When we type uri.open in IRB, we get back an object full of data! As it turns out, we've actually just made a GET request! The returned result, in this case, is a StringIO object, which is not a String, but can be converted into one using a built-in string method. So we could write the following:

request_result = uri.open
request_result.string

Or just chain the methods:

uri.open.string

The result? HTML as a String!

"<!DOCTYPE html>\n<html lang=\"en\">\n<head>\n  <meta charset=\"UTF-8\">\n  <meta name=\"viewport\" content=\"width=device-width, initial-scale=1.0\">\n  <meta http-equiv=\"X-UA-Compatible\" content=\"ie=edge\">\n  <title>JSON Example Site</title>\n</head>\n<body>\n  <h1>JSON Example Site</h1>\n\n  <h3>Endpoints available to visit:</h3>\n  <ul>\n    <li><a href=\"https://learn-co-curriculum.github.io/json-site-example/endpoints/locations.json\" alt=\"locations JSON\">endpoints/locations.json</a></li>\n    <li><a href=\"https://learn-co-curriculum.github.io/json-site-example/endpoints/people.json\" alt=\"people JSON\">endpoints/people.json</a></li>\n  </ul>\n</body>\n</html>"

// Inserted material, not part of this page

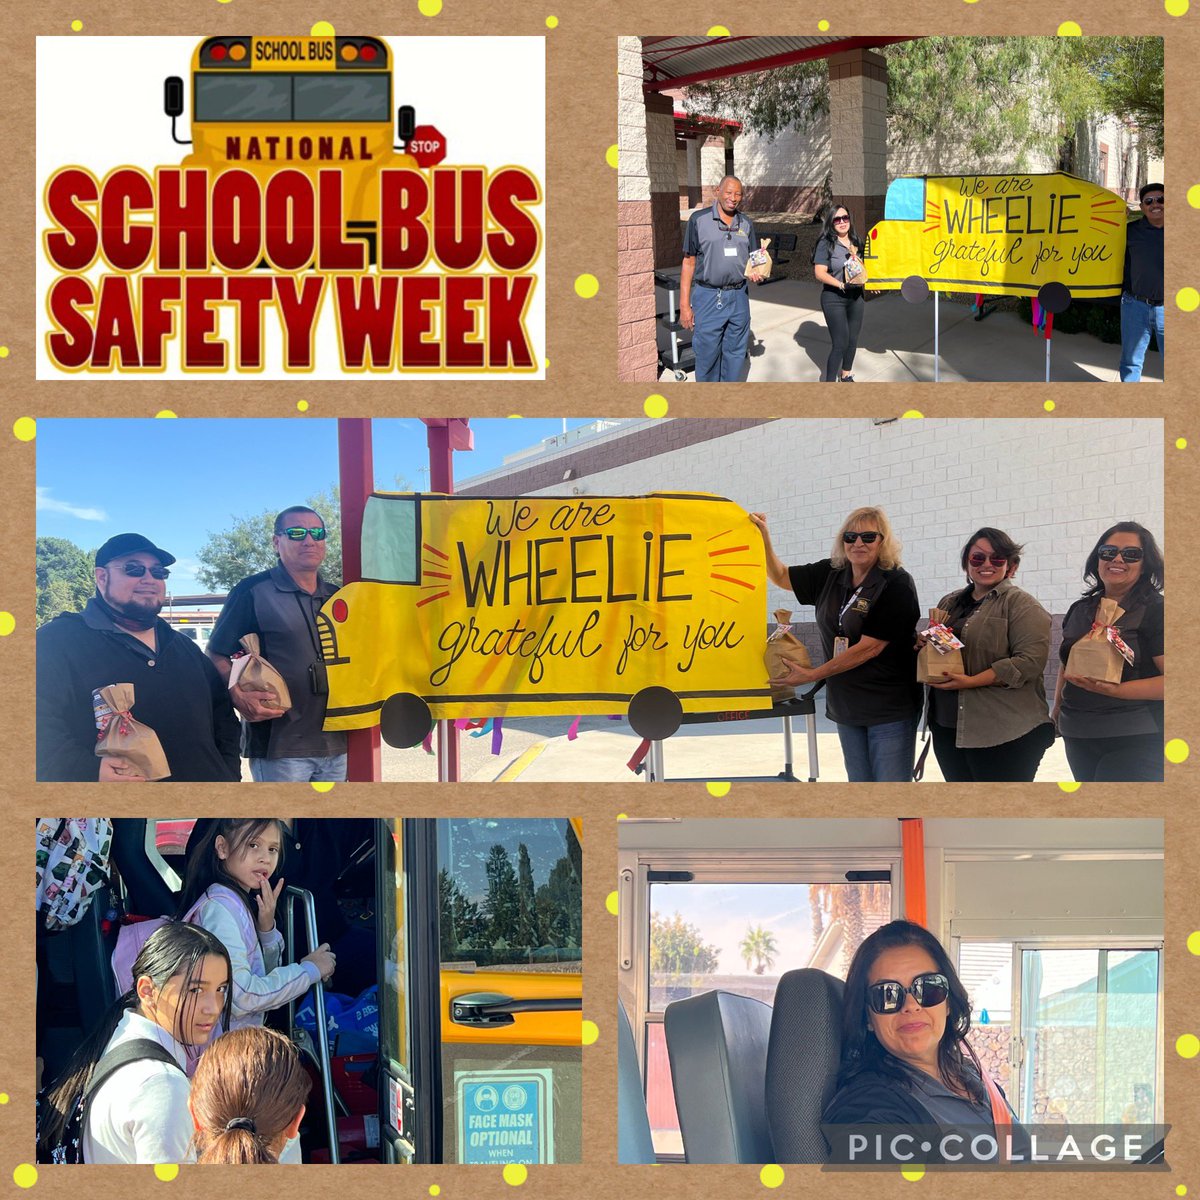 Thank you for the pride and love you show as you transport our scholars to and from Dalmatian Nation. #StriveForExcellence #NationalSchoolBusSafetyWeek
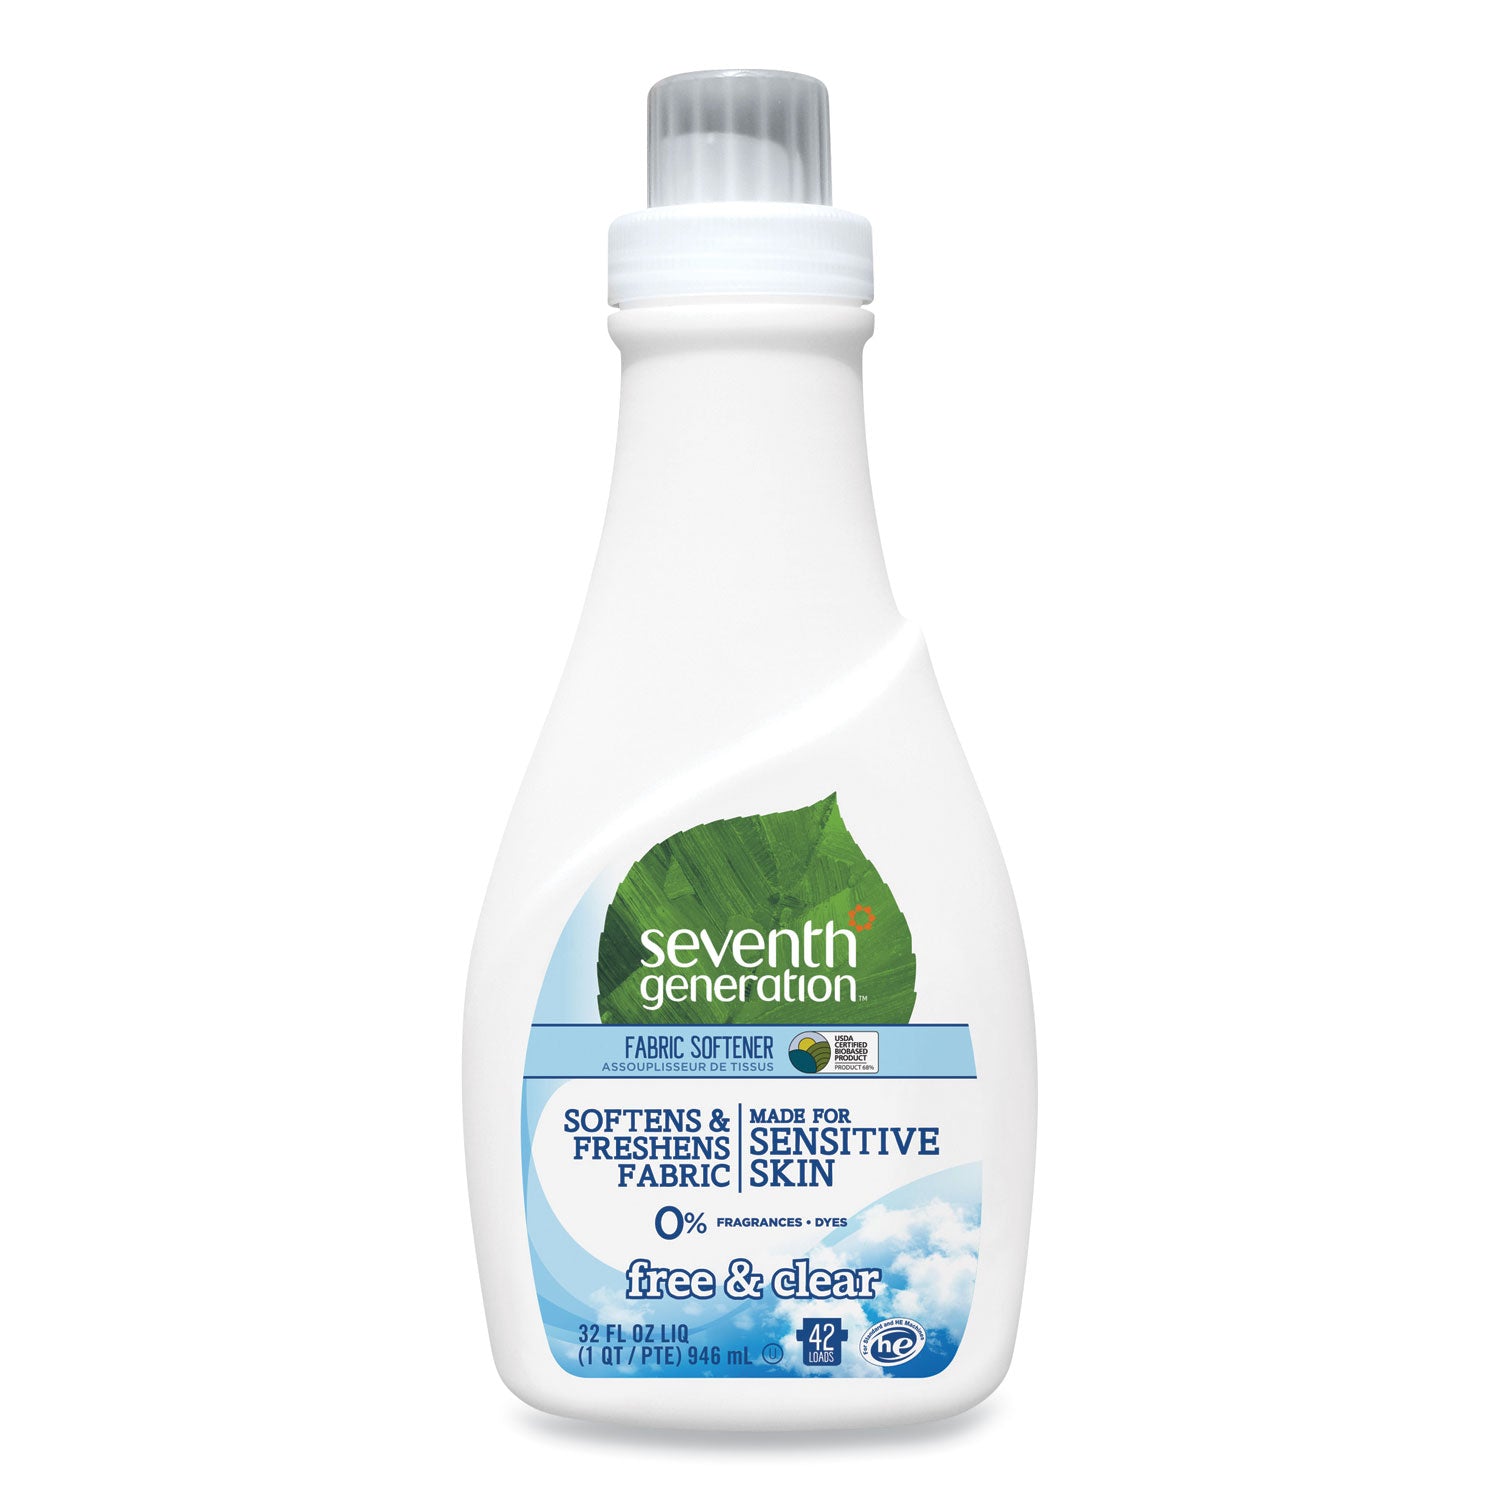 natural-liquid-fabric-softener-free-and-clear-42-loads-32-oz-bottle-6-carton_sev22833 - 1

We requested and received a webpage. While it isn't rendered nicely in the way a browser would display this, it is a great start! And just to review, we did this using only four lines of Ruby:

require 'open-uri'
url = "https://learn-co-curriculum.github.io/json-site-example/"
uri = URI.parse(url)
uri.open.string

This is super cool, but working with StringIO can be a little limiting. To stick with conventions, we're going to look at a slightly different approach next.

Reading the Body of a Response

Rather than use the open method, we're going to bring in another built-in Ruby class, NET::HTTP. URI (also known as OpenURI) is actually built using NET::HTTP. NET::HTTP will allow us to get back an object closer to the structure of the actual HTTP response being sent.

Starting from a new IRB session, we'll first require open-uri as before, but we will also need to add a second require line:

require 'open-uri'
require 'net/http'

Then, we'll keep the URL definition and URI parsing the same:

url = "https://learn-co-curriculum.github.io/json-site-example/"
uri = URI.parse(url)

But instead of uri.open at the end, we'll enter the following:

response = Net::HTTP.get_response(uri)
#=> #<Net::HTTPOK 200 OK readbody=true>

Here again we've sent a GET request, only this time, the return value isn't a StringIO object, but a Net::HTTPOK object. This object has a method, body, that should produce a familiar sight when used:

response.body
#=> "<!DOCTYPE html>\n<html lang=\"en\">\n<head>\n  <meta charset=\"UTF-8\">\n  <meta name=\"viewport\" content=\"width=device-width, initial-scale=1.0\">\n  <meta http-equiv=\"X-UA-Compatible\" content=\"ie=edge\">\n  <title>JSON Example Site</title>\n</head>\n<body>\n  <h1>JSON Example Site</h1>\n\n  <h3>Endpoints available to visit:</h3>\n  <ul>\n    <li><a href=\"https://learn-co-curriculum.github.io/json-site-example/endpoints/locations.json\" alt=\"locations JSON\">endpoints/locations.json</a></li>\n    <li><a href=\"https://learn-co-curriculum.github.io/json-site-example/endpoints/people.json\" alt=\"people JSON\">endpoints/people.json</a></li>\n  </ul>\n</body>\n</html>\n"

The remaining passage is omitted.